I have never used the Nitrate reductor before but your main question seems to be about the high nitrates. Nitrates are either coming from the tap water or the fish bioload.
1) Have you tested the nitrates in your tap water? 
2) What type of fish and how many do you have in the 16gal?
3) Do you have healthy growing aquatic plants in the aquarium?


----------



## mihaelb (Feb 11, 2009)

Tap nitrates are 5

inhabitants: 
2 dwarf gouramis
3 platies
6 panda cories
6 otos
2 guppies

several different plants in it.


----------



## Katalyst (Jul 29, 2007)

I've tried them and never saw a difference. Best way to remove/control nitrates is not to overfeed, through water changes and rooted plants. Unfortunately.


----------



## Calmer (Mar 9, 2008)

High nitrates are coming from the fish's wastes. To me, it seems that you have too many fish in the 16 gal. 
I may be wrong as I like to err on the side of low numbers of fish in my aquariums. I have one aquarium that is a 38 gal with 9 swordtails, loaded with plants, plus many cherry shrimp and it seems about right to me. If you feed your plants then you are adding more nitrates that way as well.
I hope this helps


----------



## ozi (Aug 23, 2007)

There's also a nitrate removing media from Fluval (its in round black boxes), made only for freshwater tanks. I'm using it with good results in my african cichlid tank.


----------



## mihaelb (Feb 11, 2009)

ozi said:


> There's also a nitrate removing media from Fluval (its in round black boxes), made only for freshwater tanks. I'm using it with good results in my african cichlid tank.

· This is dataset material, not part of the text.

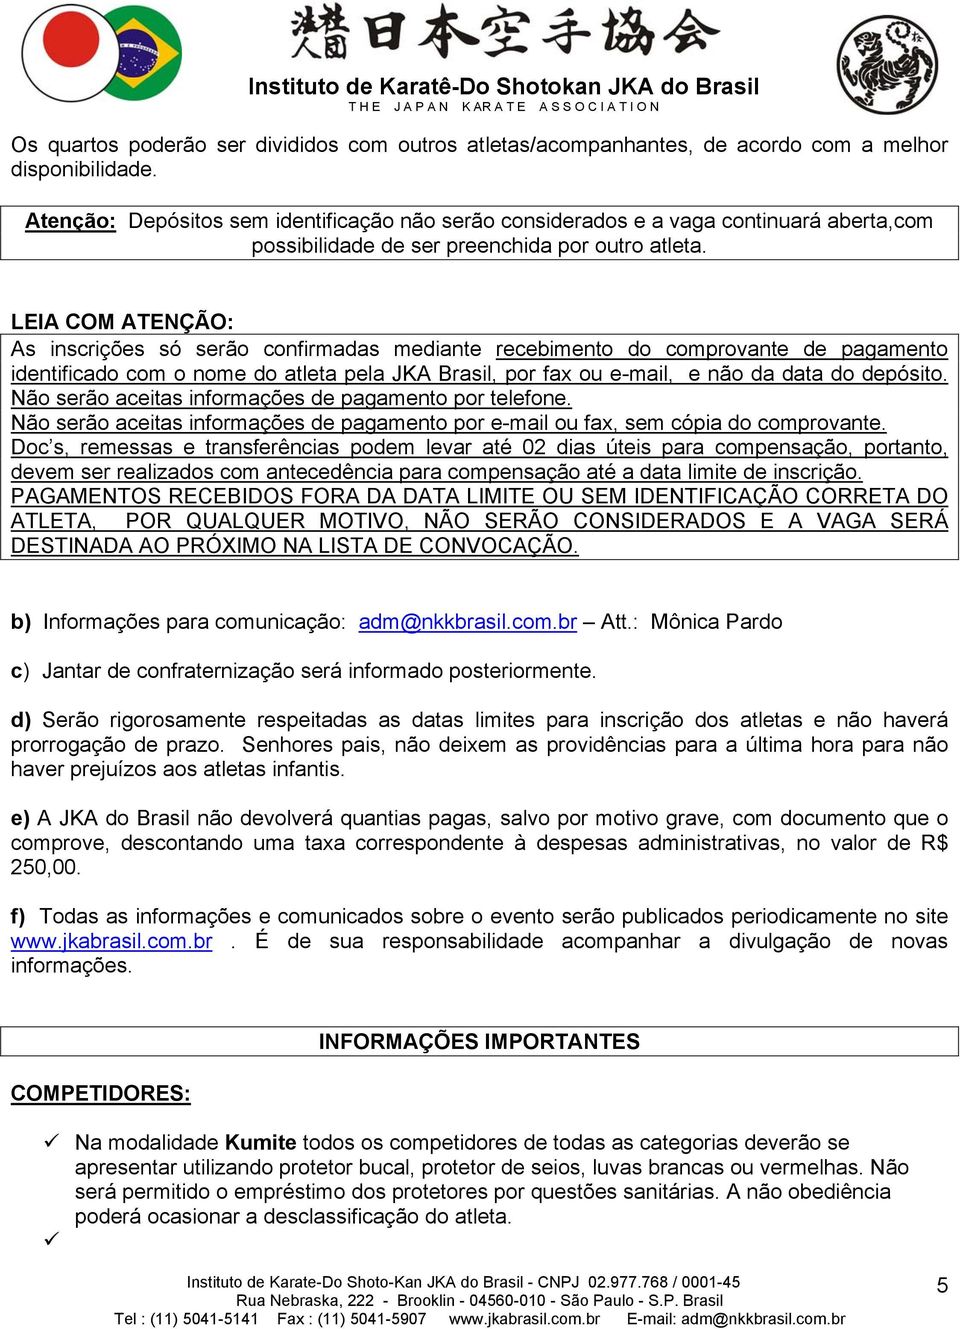 LEIA COM ATENÇÃO: As inscrições só serão confirmadas mediante recebimento do comprovante de pagamento identificado com o nome do atleta pela JKA Brasil, por fax ou e-mail, e não da data do depósito.
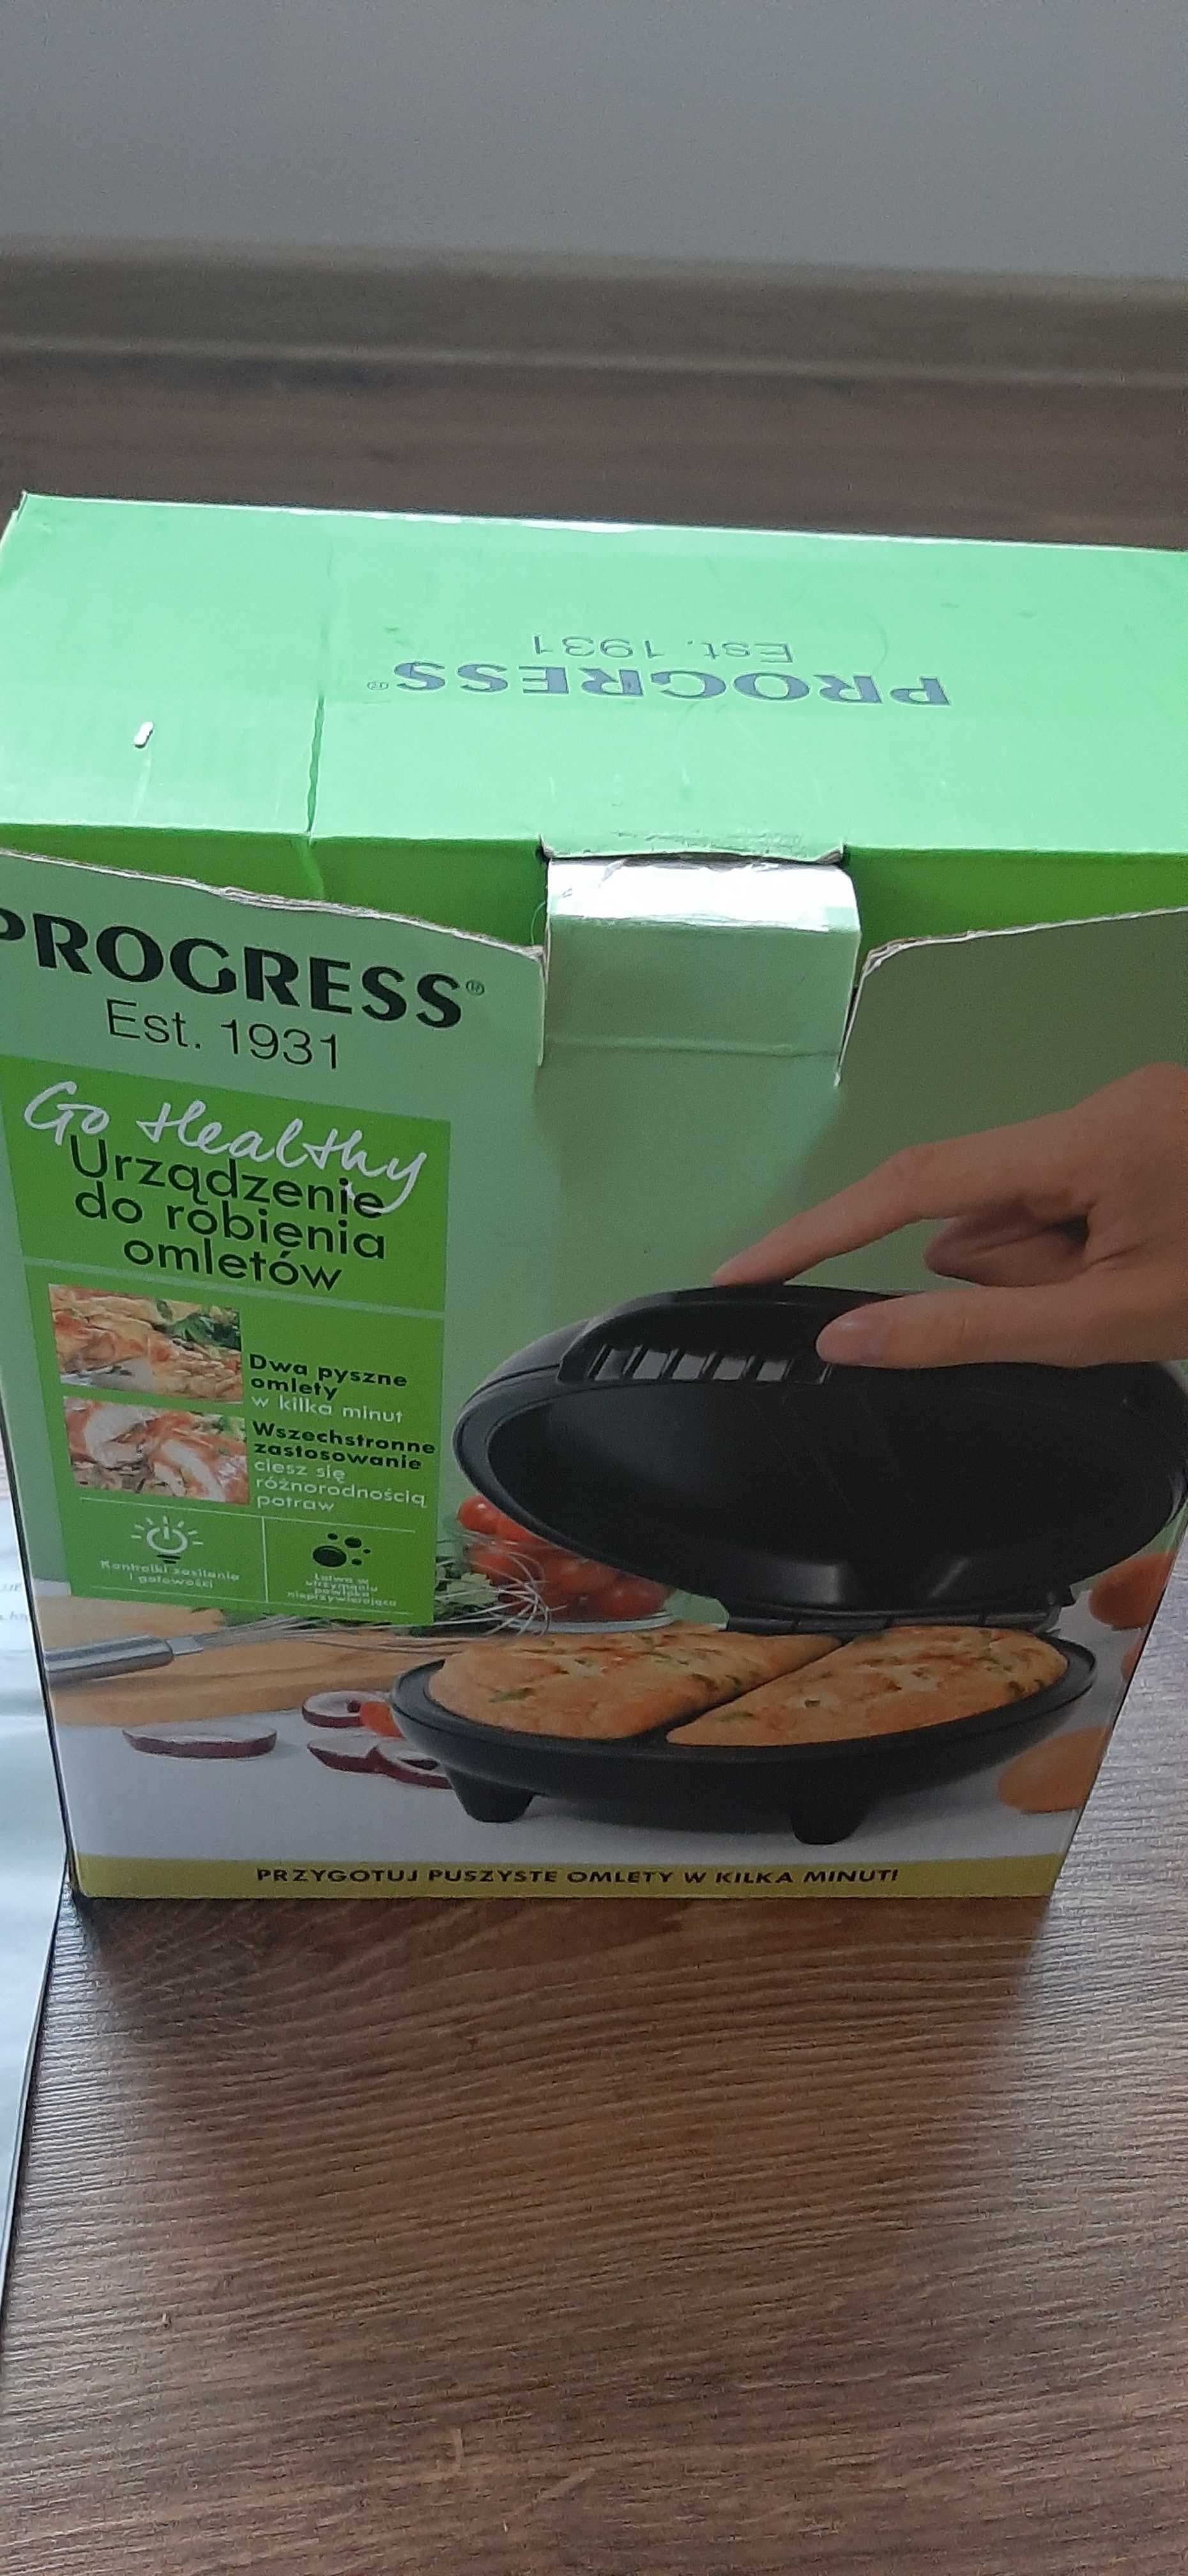 Urzadzenie do robienia omletów  Progress

I'm assuming you mean this one: http://www.hagen.com/canada/english/aquatic/product.cfm?CAT=1&SUBCAT=114&PROD_ID=01015020010101

what do they mean by 'resin can be recharged several times'?

Also, since I have a marineland filter, the description for placement doesn't apply to me. Where would you place it in your filtration system/tank?


----------



## ozi (Aug 23, 2007)

Yup, that's the one. Apparently you can recharge it by submerging it in a water & salt solution for 24 hours. But I have not tried it yet, since mine is only about 2 month old.
I have mine placed in a marineland filter too, but its the hang on the back bio-wheel type. Just put it in the bag and threw it in, after the polishing pad.


----------